HBase Enhanced Open Source Features¶
HIndex¶
HBase is a distributed storage database of the Key-Value type. Data of a table is sorted in the alphabetic order based on row keys. If you query data based on a specified row key or scan data in the scale of a specified row key, HBase can quickly locate the target data, enhancing the efficiency.
However, in most actual scenarios, you need to query the data of which the column value is XXX. HBase provides the Filter feature to query data with a specific column value. All data is scanned in the order of row keys, and then the data is matched with the specific column value until the required data is found. The Filter feature scans some unnecessary data to obtain the only required data. Therefore, the Filter feature cannot meet the requirements of frequent queries with high performance standards.
HBase HIndex is designed to address these issues. HBase HIndex enables HBase to query data based on specific column values.
Rolling upgrade is not supported for index data.
Restrictions of combined indexes:
All columns involved in combined indexes must be entered or deleted in a single mutation. Otherwise, inconsistency will occur.
Index: IDX1=>cf1:[q1->datatype],[q2];cf2:[q2->datatype]
Correct write operations:
Put put = new Put(Bytes.toBytes("row")); put.addColumn(Bytes.toBytes("cf1"), Bytes.toBytes("q1"), Bytes.toBytes("valueA")); put.addColumn(Bytes.toBytes("cf1"), Bytes.toBytes("q2"), Bytes.toBytes("valueB")); put.addColumn(Bytes.toBytes("cf2"), Bytes.toBytes("q2"), Bytes.toBytes("valueC")); table.put(put);
Incorrect write operations:
Put put1 = new Put(Bytes.toBytes("row")); put1.addColumn(Bytes.toBytes("cf1"), Bytes.toBytes("q1"), Bytes.toBytes("valueA")); table.put(put1); Put put2 = new Put(Bytes.toBytes("row")); put2.addColumn(Bytes.toBytes("cf1"), Bytes.toBytes("q2"), Bytes.toBytes("valueB")); table.put(put2); Put put3 = new Put(Bytes.toBytes("row")); put3.addColumn(Bytes.toBytes("cf2"), Bytes.toBytes("q2"), Bytes.toBytes("valueC")); table.put(put3);
The combined conditions-based query is supported only when the combined index column contains filter criteria, or StartRow and StopRow are not specified for some index columns.
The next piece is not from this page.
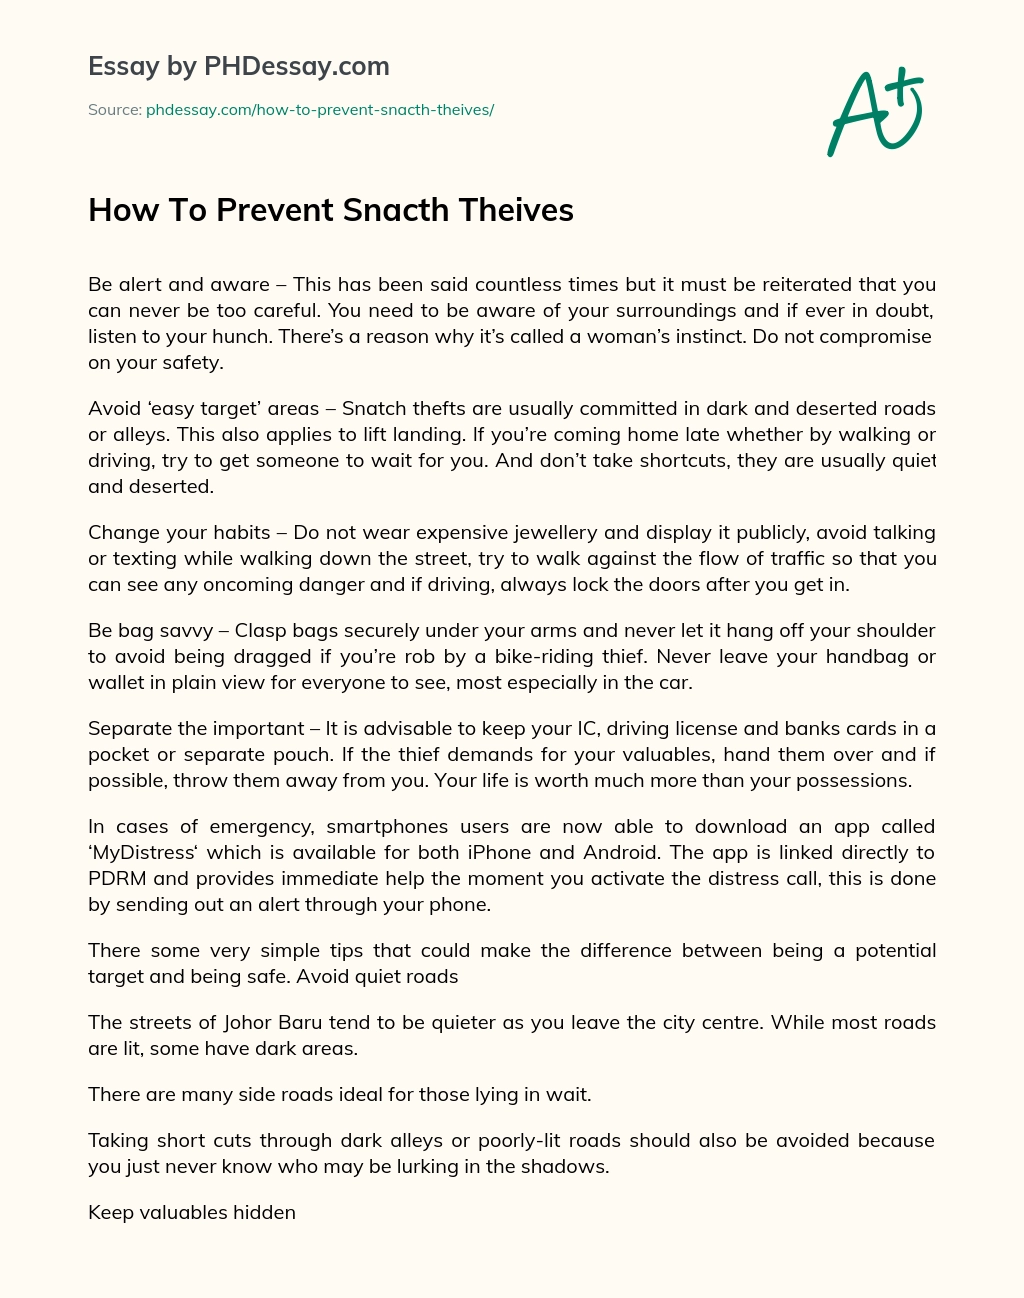 How To Prevent Snacth Theives essay
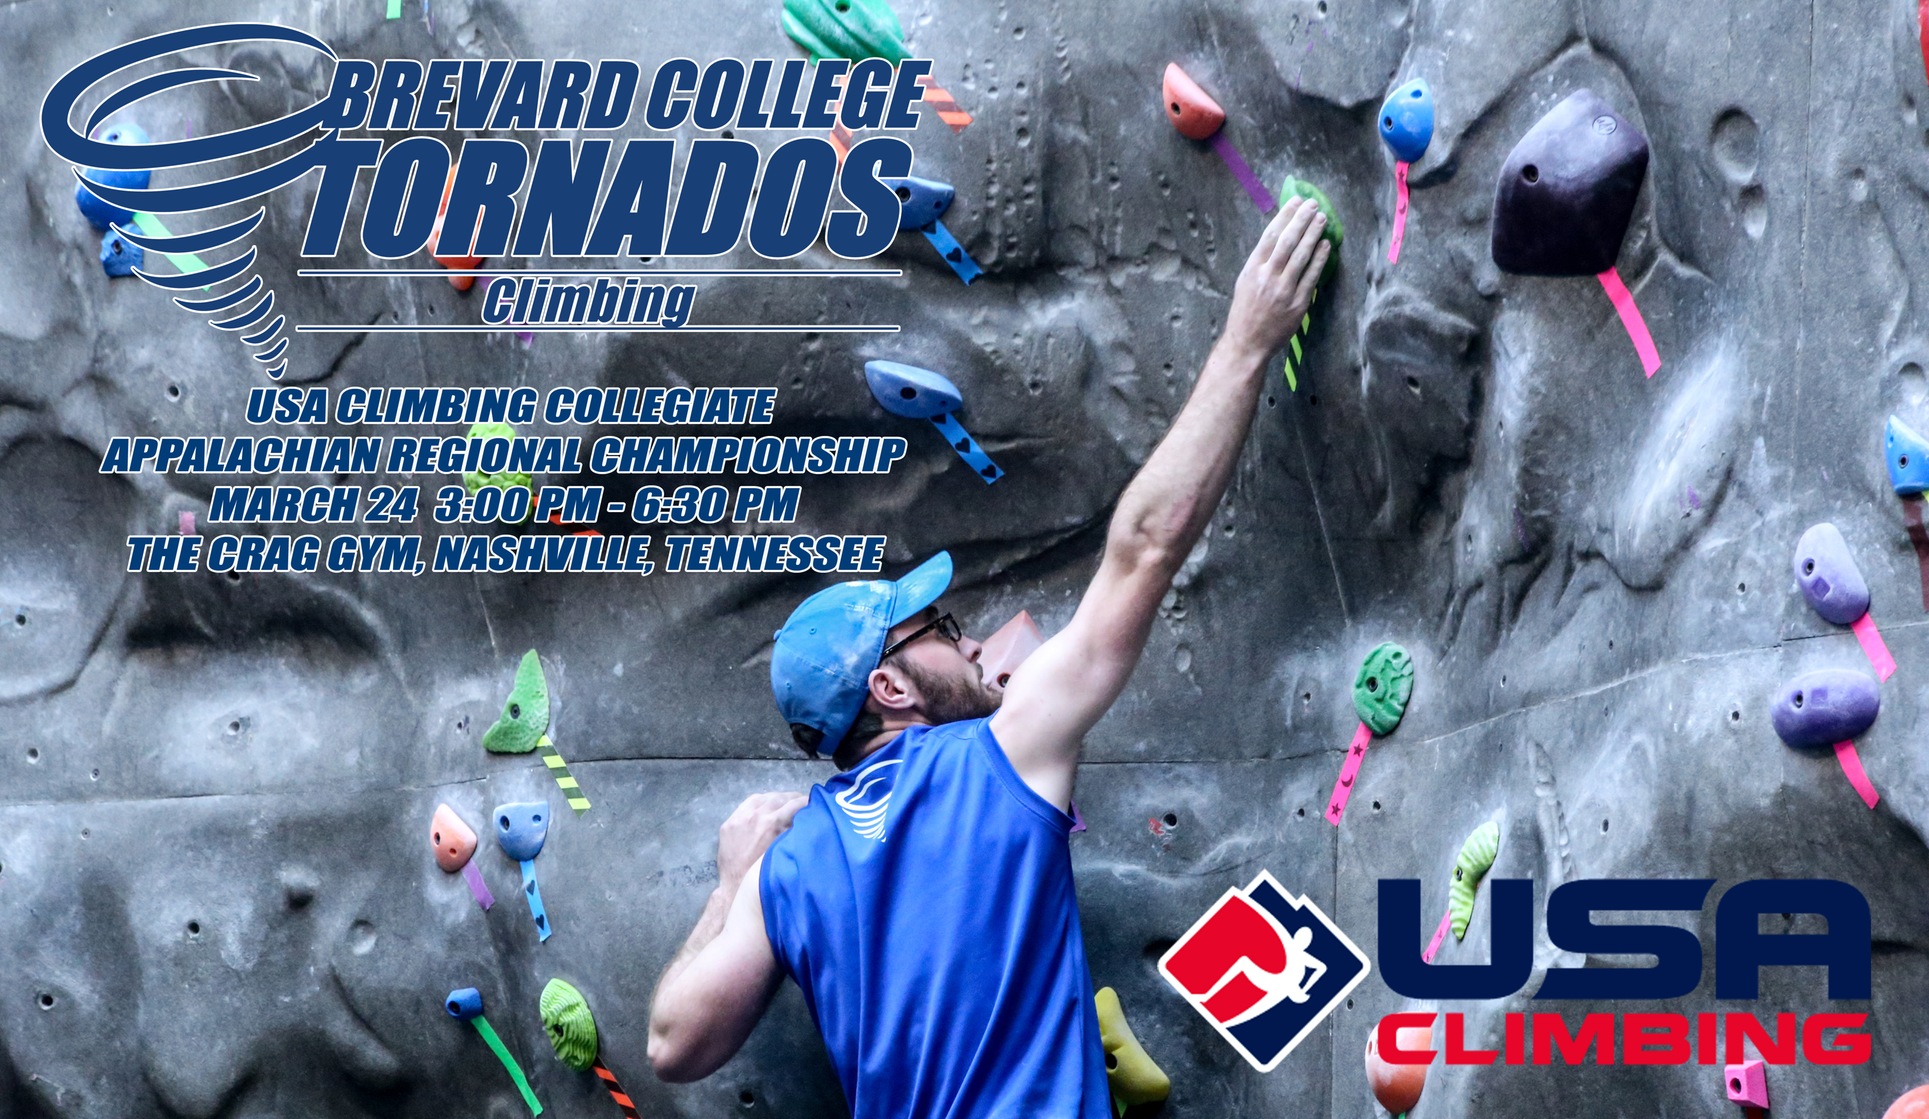 Rock Climbing Heads to Nashville for USAC Regional Championship

Index: IDX1=>cf1:[q1->datatype],[q2];cf2:[q1->datatype]
Correct query operations:
scan 'table', {FILTER=>"SingleColumnValueFilter('cf1','q1',>=,'binary:valueA',true,true) AND SingleColumnValueFilter('cf1','q2',>=,'binary:valueB',true,true) AND SingleColumnValueFilter('cf2','q1',>=,'binary:valueC',true,true) "} scan 'table', {FILTER=>"SingleColumnValueFilter('cf1','q1',=,'binary:valueA',true,true) AND SingleColumnValueFilter('cf1','q2',>=,'binary:valueB',true,true)" } scan 'table', {FILTER=>"SingleColumnValueFilter('cf1','q1',>=,'binary:valueA',true,true) AND SingleColumnValueFilter('cf1','q2',>=,'binary:valueB',true,true) AND SingleColumnValueFilter('cf2','q1',>=,'binary:valueC',true,true)",STARTROW=>'row001',STOPROW=>'row100'}
Incorrect query operations:
scan 'table', {FILTER=>"SingleColumnValueFilter('cf1','q1',>=,'binary:valueA',true,true) AND SingleColumnValueFilter('cf1','q2',>=,'binary:valueB',true,true) AND SingleColumnValueFilter('cf2','q1',>=,'binary:valueC',true,true) AND SingleColumnValueFilter('cf2','q2',>=,'binary:valueD',true,true)"} scan 'table', {FILTER=>"SingleColumnValueFilter('cf1','q1',=,'binary:valueA',true,true) AND SingleColumnValueFilter('cf2','q1',>=,'binary:valueC',true,true)" } scan 'table', {FILTER=>"SingleColumnValueFilter('cf1','q1',=,'binary:valueA',true,true) AND SingleColumnValueFilter('cf2','q2',>=,'binary:valueD',true,true)" } scan 'table', {FILTER=>"SingleColumnValueFilter('cf1','q1',=,'binary:valueA',true,true) AND SingleColumnValueFilter('cf1','q2',>=,'binary:valueB',true,true)" ,STARTROW=>'row001',STOPROW=>'row100' }
Do not explicitly configure any split policy for tables with index data.
Other mutation operations, such as increment and append, are not supported.
Index of the column with maxVersions greater than 1 is not supported.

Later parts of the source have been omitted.